Dalam arahannya, AHY memberikan apresiasi kepada Ketua DPD Demokrat Sulteng yang juga Gubernur Sulteng, Anwar Hafid, bersama Wakilnya, Reny A. Lamadjido, yang dinilai berhasil membawa Demokrat Sulteng terus berkembang menjadi kekuatan politik besar di daerah.
AHY mengaku mengikuti langsung perjalanan politik Anwar Hafid, termasuk saat menghadapi berbagai tantangan sebelum akhirnya terpilih sebagai Gubernur Sulteng.

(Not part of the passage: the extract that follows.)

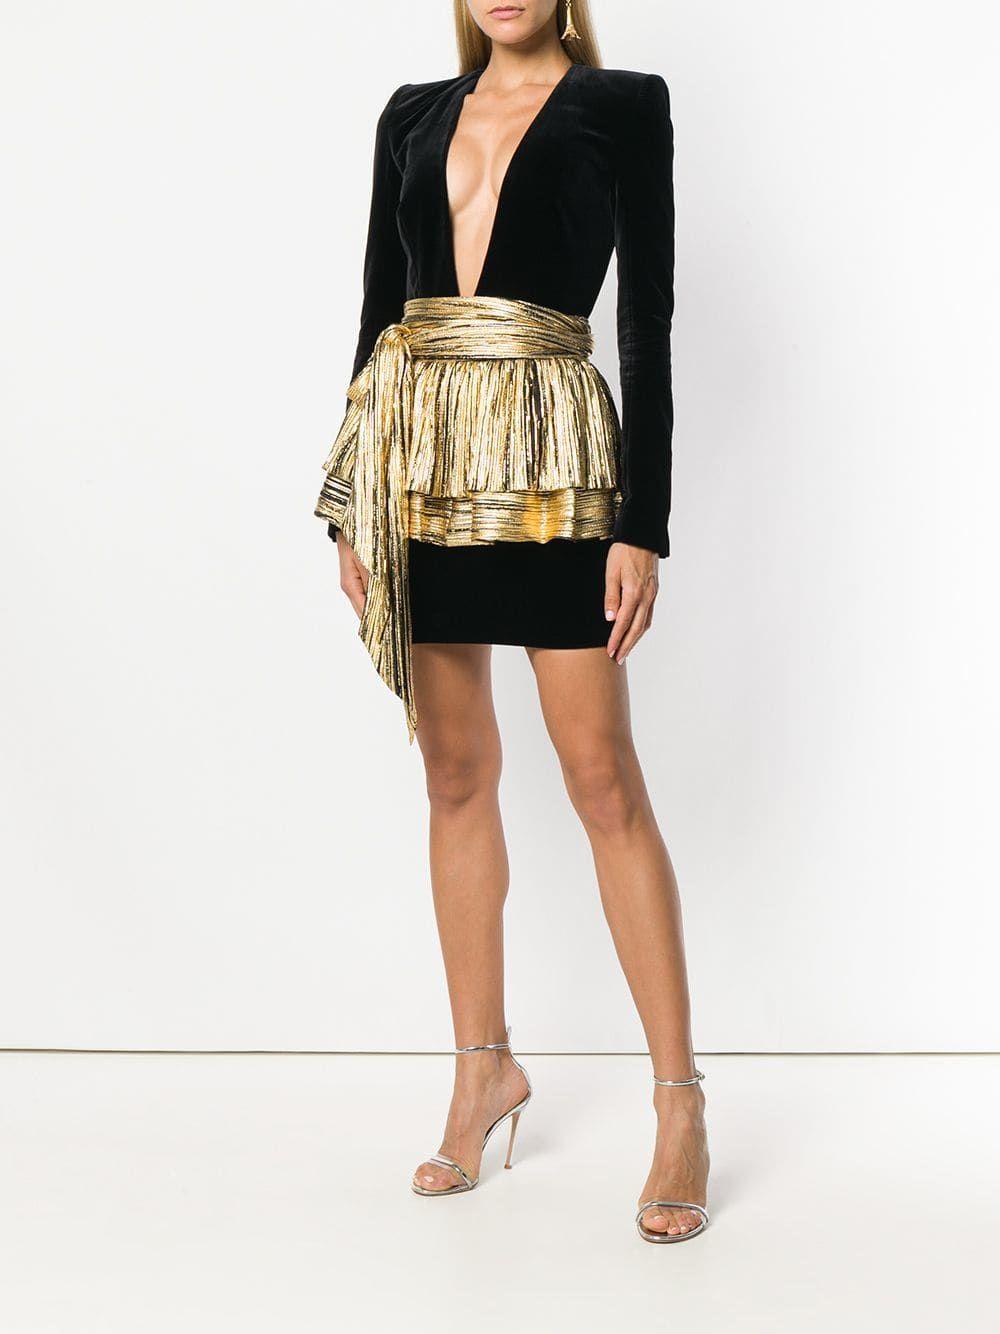 407163ef Alexandre Vauthier deep V-neck dress | Alexandre Vauthier in 2019 ...

Menurutnya, perjalanan tersebut menjadi bukti bahwa Demokrat tidak pernah menyerah menghadapi tekanan politik.
“Saya tahu jatuh bangunnya perjuangan Pak Anwar Hafid. Pernah ada fase ketika rakyat sangat menginginkan beliau maju, tetapi dinamika politik berkata lain. Namun Demokrat tidak pernah menyerah dan akhirnya Tuhan memberikan waktu terbaik,” ujar AHY.
Ia juga menyinggung bagaimana Partai Demokrat mampu bertahan menghadapi ancaman Kongres Luar Biasa (KLB) serta berbagai tekanan politik dalam beberapa tahun terakhir. Situasi tersebut, kata AHY, justru memperkuat solidaritas dan loyalitas kader Demokrat di seluruh Indonesia.
“Tekanan yang kita hadapi justru membuat Demokrat semakin kokoh, semakin militan, dan semakin solid,” tegasnya.
Menurut AHY, kemenangan Demokrat di Sulawesi Tengah menjadi momentum penting karena untuk pertama kalinya Demokrat memiliki gubernur dan wakil gubernur dalam satu paket kepemimpinan. Momentum tersebut harus dimanfaatkan untuk memperkuat kerja-kerja politik sekaligus pelayanan kepada masyarakat.
Selain menyoroti konsolidasi partai, AHY juga mengapresiasi meningkatnya keterlibatan generasi muda di tubuh Demokrat Sulteng. Ia menyebut kehadiran generasi milenial dan generasi Z menjadi modal politik besar menghadapi pemilu mendatang.
“Mayoritas pemilih ke depan adalah anak muda. Menangkan hati generasi muda, maka kita memenangkan masa depan,” katanya.
Dalam pidatonya, AHY turut menyoroti besarnya potensi Sulteng sebagai daerah strategis nasional yang memiliki sumber daya alam penting bagi masa depan industri dunia, khususnya pada era transisi energi dan kendaraan listrik.
Menurutnya, potensi besar tersebut harus diiringi dengan pembangunan sumber daya manusia dan program kesejahteraan yang benar-benar dirasakan masyarakat.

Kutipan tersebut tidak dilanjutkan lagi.